“Non so se sono capace di nuotare, perché nessuno mi ha mai fatto provare”: così spiega Héloïse a Marianne, adagiata su una spiaggia bretone in un Settecento abbozzato su tela. Adèle Haenel questa volta non è la Floriane di Naissance des pieuvres: non ha confidenza con l’acqua, né con tutto ciò che attorno a lei si muove e porta lontano. Come la sorella – gettatasi dalla scogliera che le sovrasta –, come la madre alla stessa età, e come tutte le altre fanciulle in fiore, Héloïse è inconsapevole del mondo e delle proprie possibilità. Perché niente di tutto questo, nella sua giovane vita ritirata, le è mai stato mostrato. Proprio sulla visibilità negata riflette Portrait de la jeune fille en feu, liberatorio salto nel vuoto di Céline Sciamma, che abbandona la periferia dei nostri giorni per immergerci in un passato dai contorni sfumati, prendendosi tutti i rischi di un balzo all’indietro.

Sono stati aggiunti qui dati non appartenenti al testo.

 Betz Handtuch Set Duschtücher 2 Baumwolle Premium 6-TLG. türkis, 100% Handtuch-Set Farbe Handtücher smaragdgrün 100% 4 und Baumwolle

Il film si apre su una tela bianca e su una mano femminile che traccia degli schizzi: l’atto creativo così messo a tema diviene un’immediata dichiarazione d’intenti. Da lì in poi sarà proprio un dipinto di Marianne a introdurci nel racconto, attraverso una mise en abyme visiva e ideale che dalla pittura porta all’immagine in movimento e viceversa. Spostandoci dalla cornice al quadro cinematografico, non muta la natura sovversiva della parabola della pittrice, costretta a tenere segreta la propria identità e a ritrarre soltanto soggetti femminili, in quanto donna. Ma al contempo ammessa, proprio in virtù di questo occultamento, al privilegio che altrimenti le sarebbe negato: guardare e trarre piacere dall’oggetto del proprio sguardo. Sarà Héloïse, “la donna del ritratto”, a mettere in crisi la replica di questo modello, sottraendosi inizialmente all’occhio desiderante di Marianne – uno dei momenti più erotici del film, non a caso, è quello in cui la mantella di Héloïse scopre la sua nuca bionda – per vanificare ogni tentativo di riproduzione della propria immagine. Ma, in quella che più che una storia d’amore è una battaglia tra due diversi regimi scopici, la vittoria non risiede tanto nell’avere la meglio l’uno sull’altro, quanto nel riuscire a guardare insieme anche ciò che è tabù e mistero.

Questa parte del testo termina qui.